According to The Mail-Tribune, two Oregon State Troopers were conducting a traffic stop on the side of Interstate 5 on September 8, 2016. Meagan said she stopped because "nationwide news about police officers injuring and killing black people had made her fear for the black driver's safety."
One of the Troopers had stopped the vehicle for a suspected Driving Under the Influence of Intoxicants on I-5 near Exit 27 on the south side of Medford. A second Trooper, Mark Williams, responded to assist. The driver of the vehicle was black. The driver admitted to the Troopers that he had consumed marijuana within the previous hour. He consented to field sobriety tests, which he passed. The driver was not charged with DUI but his vehicle had to be towed because he was uninsured.
Keely Meagan, age 55, was driving on I-5 and did not see the field sobriety tests. She said that she saw the driver with his hands behind his head and believed that he was in a "vulnerable" position. She said during the trial that she parked on the I-5 shoulder behind the Troopers and turned on her hazard lights.

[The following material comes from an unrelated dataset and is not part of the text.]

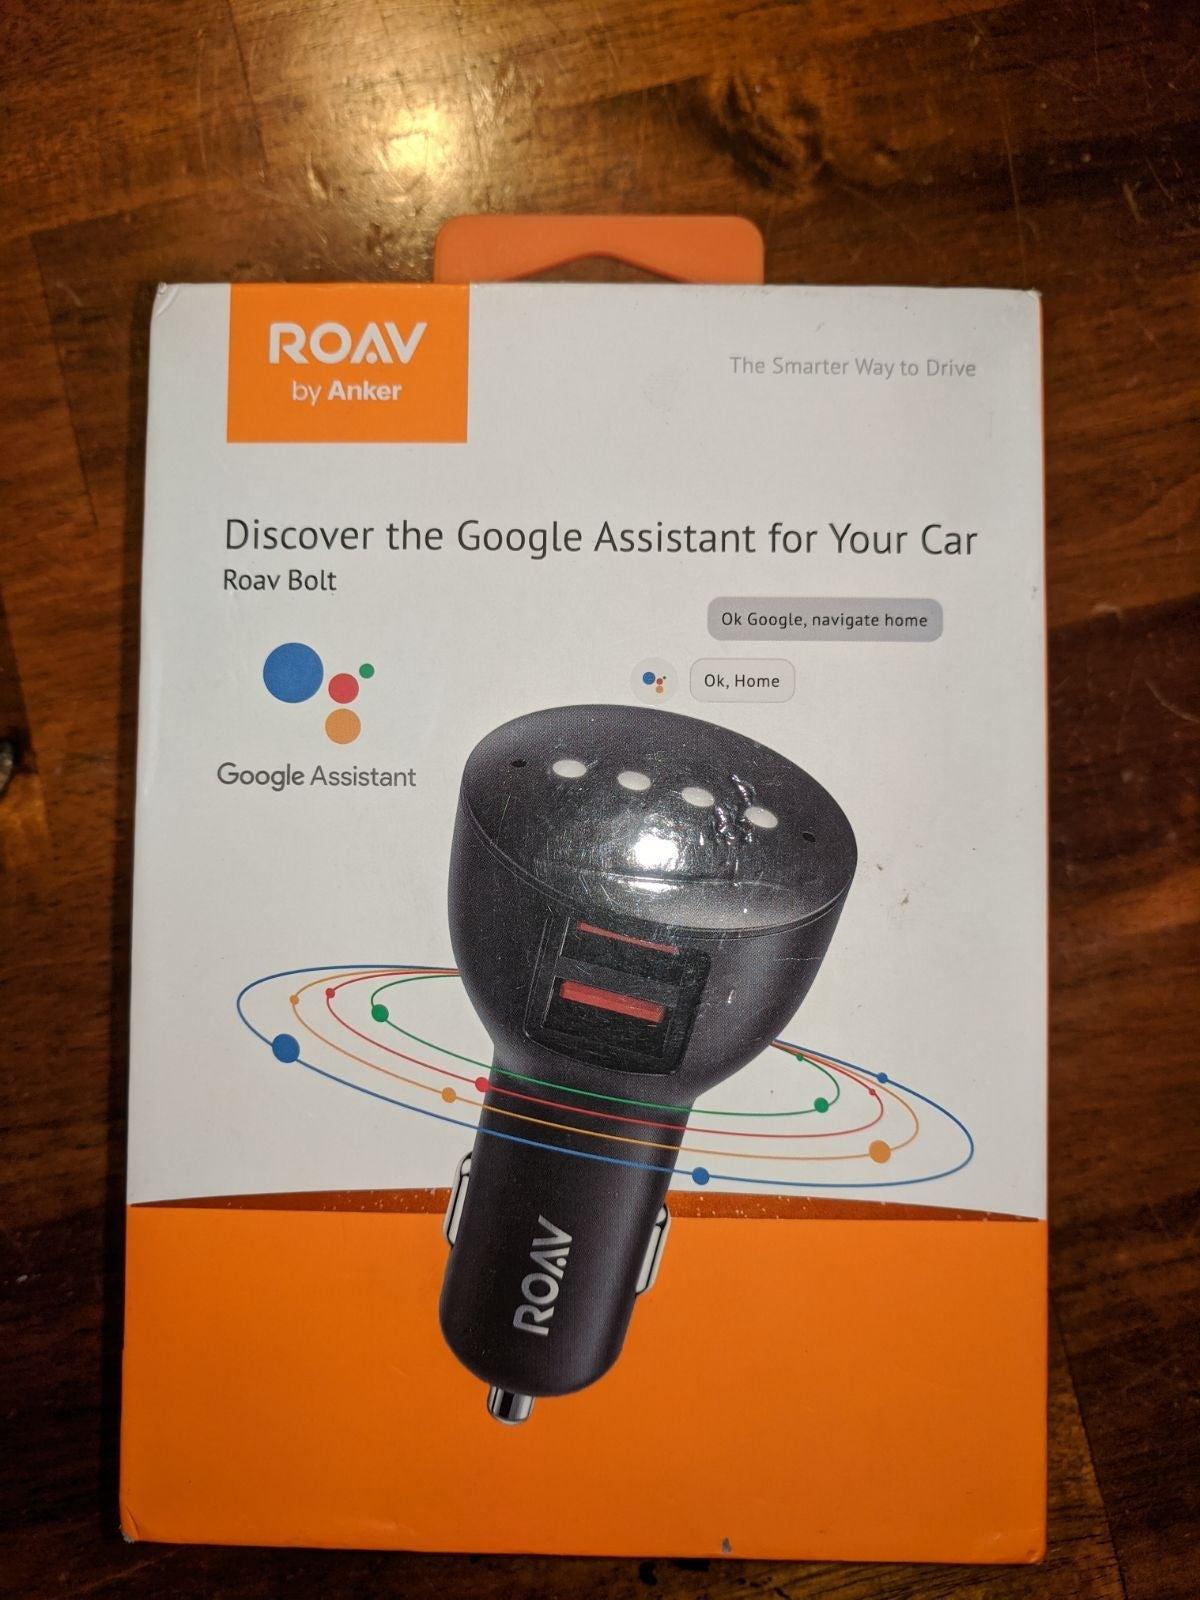 Google Assistant ROAV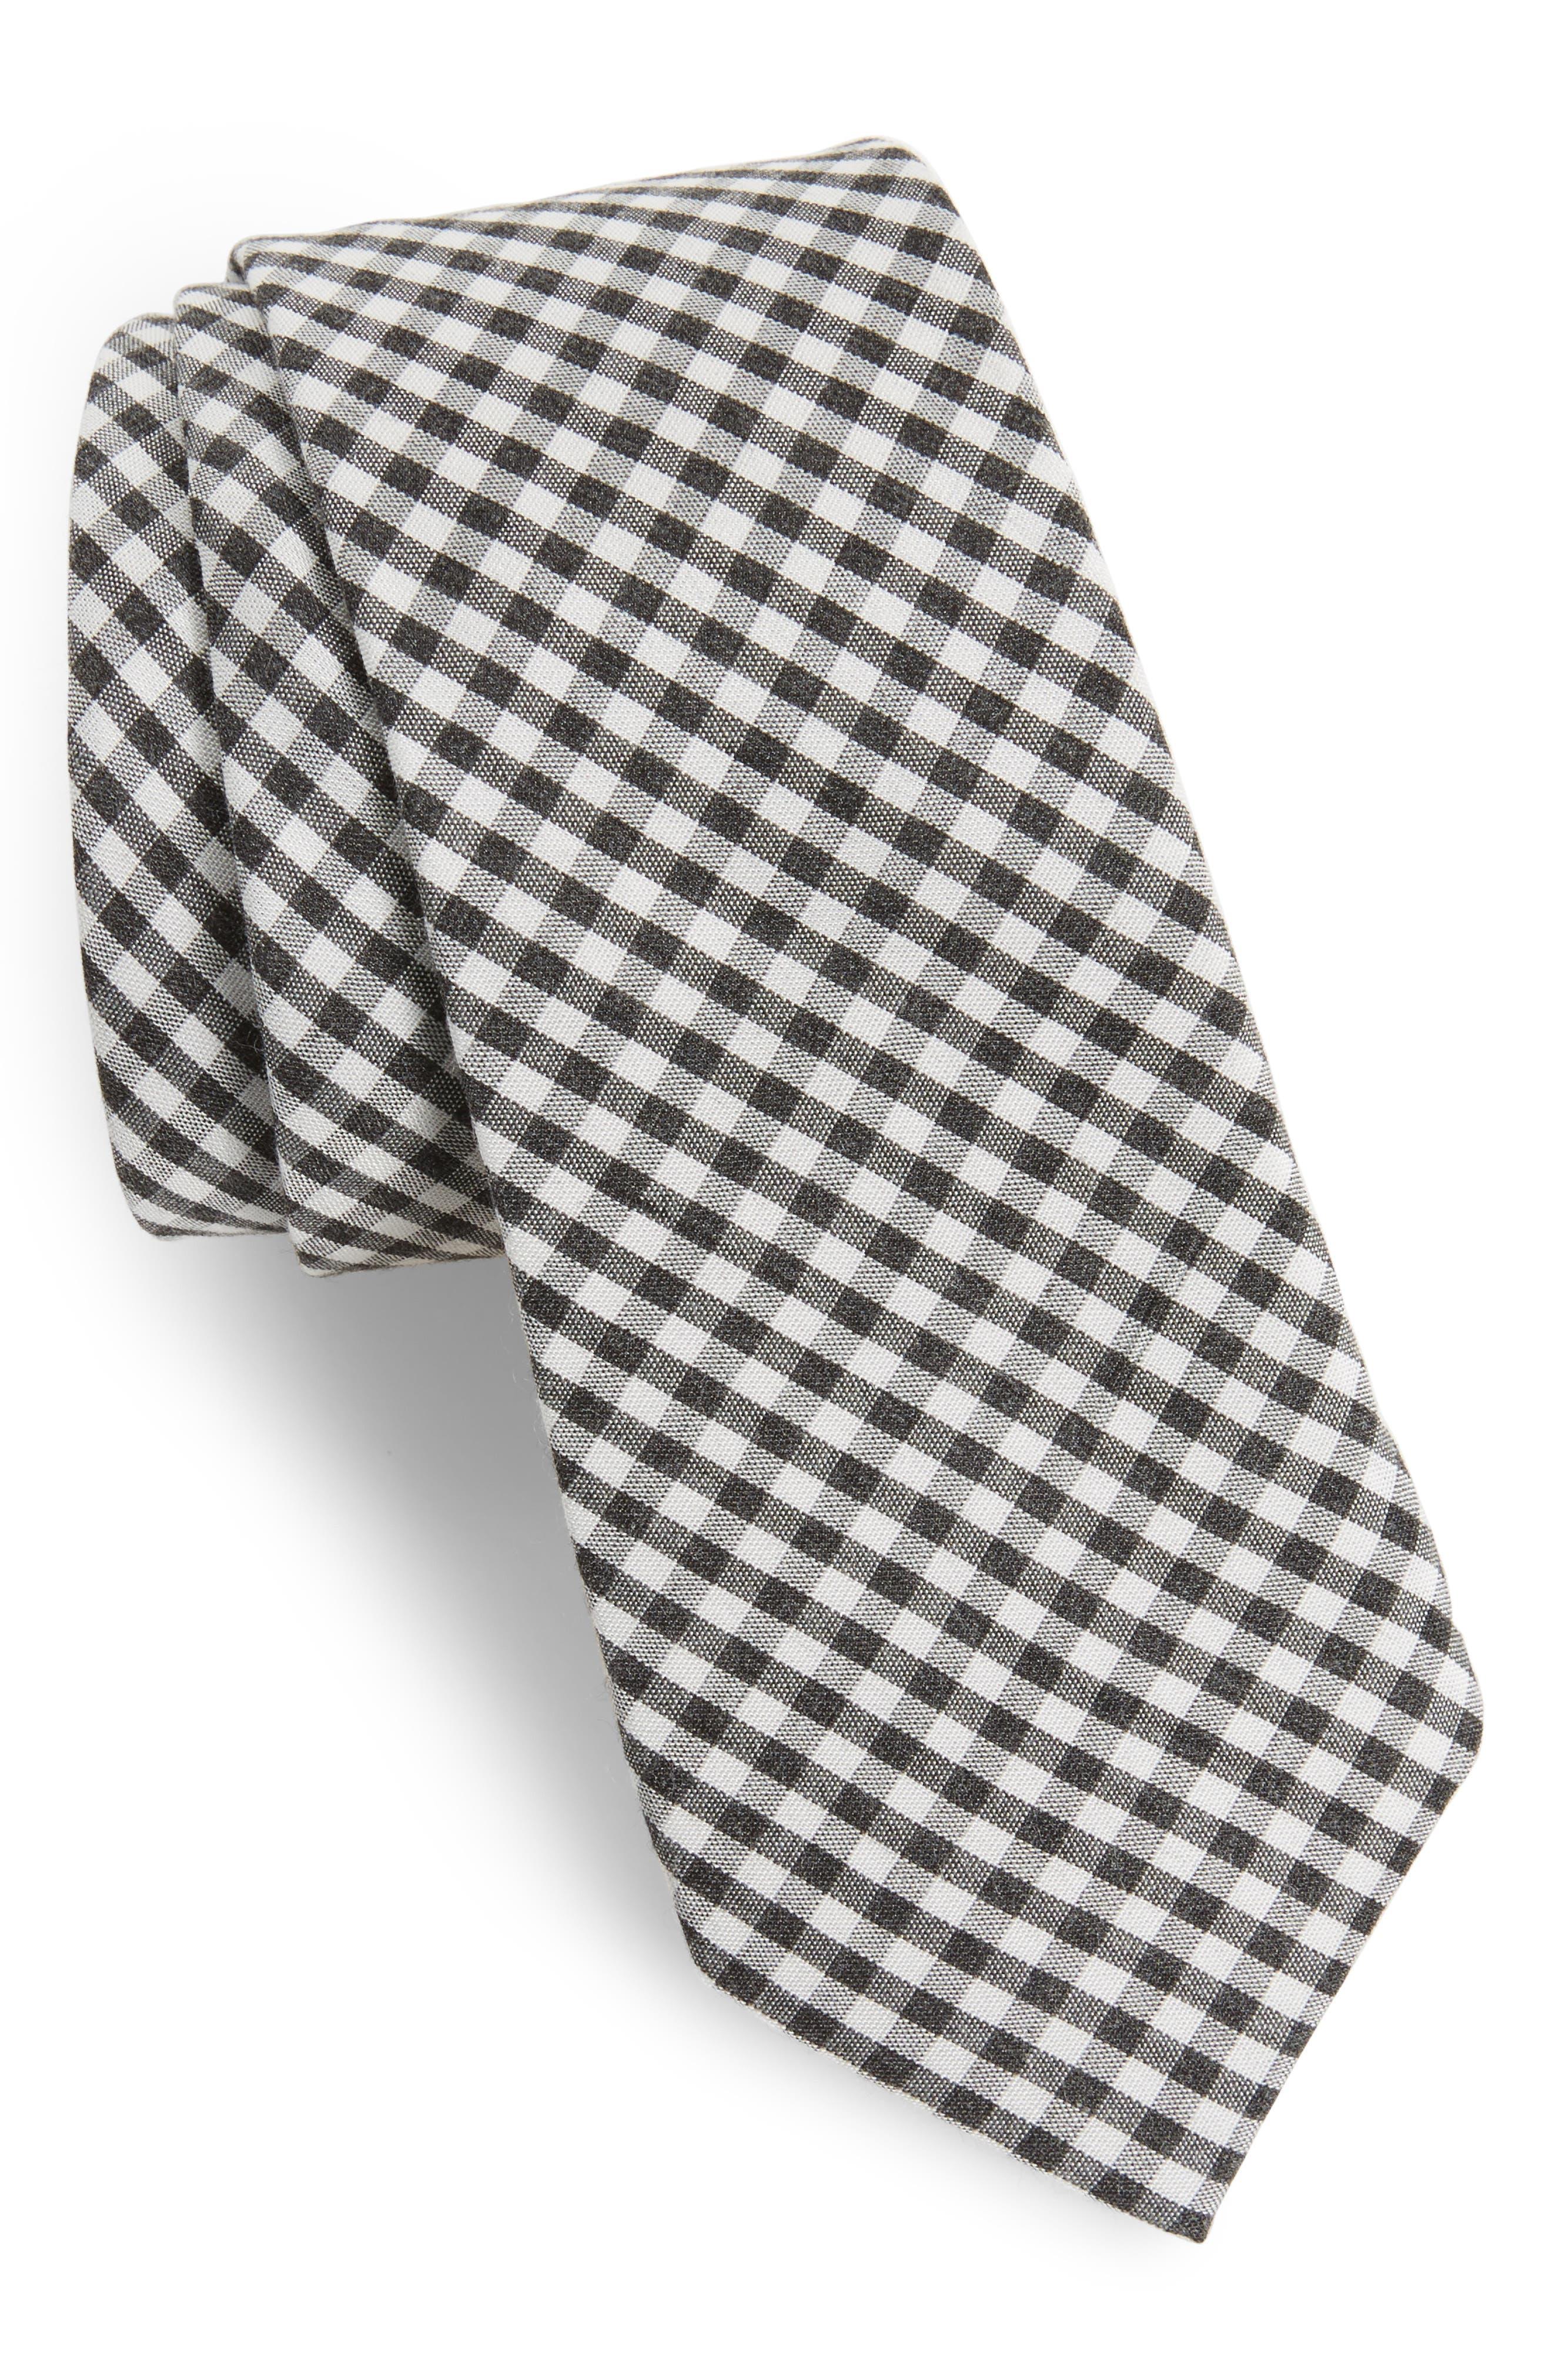 Cahill Check Skinny Tie,                         Main,                         color, Black

Meagan said that her "intention simply was to observe" and that she "was sending a nonverbal message to the officers and the young man that someone cared."
She said that she stopped "because nationwide news about police officers injuring and killing black people had made her fear for the black driver's safety" and that "It felt at the time like the life of every black person pulled over by a police officer was at risk."
She said that Trooper Williams demanded that she leave several times and that she wondered "what he was trying to hide."
At the trial, Trooper Williams testified that he told Keely Meagan that she was creating a safety hazard by parking her vehicle on the side of I-5. He also said that she was just a few feet from an off-ramp and that there was heavy rush-hour traffic on the highway.
Trooper Williams also testified that he told Meagan that he "was not opposed to her observing our traffic stop, but she needs to find a safer place to pull over." He said that Meagan offered to drive on a grassy slope but that he was concerned that her vehicle would get stuck, another safety issue. He also said that her vehicle, a van, might have blocked other drivers from seeing their vehicles' flashing lights.
Trooper Williams said that he was not able to focus his attention on the driver and his passenger, that he felt he was "having to divide my attention between the defendant and the two subjects, who were becoming increasingly agitated. It was a safety concern, because I had to go talk to her." While Trooper Williams was talking with Meagan, the other Trooper was having to conduct the traffic stop by himself.
While Trooper Williams was talking to Keely Meagan on the side of the Interstate, a tractor-trailer locked his tires up and almost wrecked. He pointed this out to Meagan. She again said that it was her duty to stop and make sure black drivers were safe every time she saw one, and Trooper Williams said that it was his duty to keep each driver and Trooper safe. Meagan testified that she stopped because she didn't want to learn later that the man had been killed.
Keely Meagan was charged by Trooper Williams with misdemeanor Interfering with a Peace Officer by Refusing to Obey a Lawful Order and Alleged Illegal Stopping, Standing or Parking. In what we can only assume was awful legal advice on her lawyer's part, she waived her rights to a jury trial and consented to have a Judge rule on her case. Jackson County Circuit Judge David Hoppe ruled, according to law, which Meagan clearly violated.
After Judge Hoppe viewed dashcam video of the hazard that Meagan created, she was found guilty for interfering, but was not given any punishment as a sentence. The Judge Hoppe appeared to think that losing her job as a driver's education instructor was enough.
The public are not allowed within close proximity of a traffic stop because it creates a dangerous situation for the officers by having them split their attention. Anybody who wants to observe should do so from a good distance away. Also, it's never safe to stop behind a patrol car on the side of an Interstate.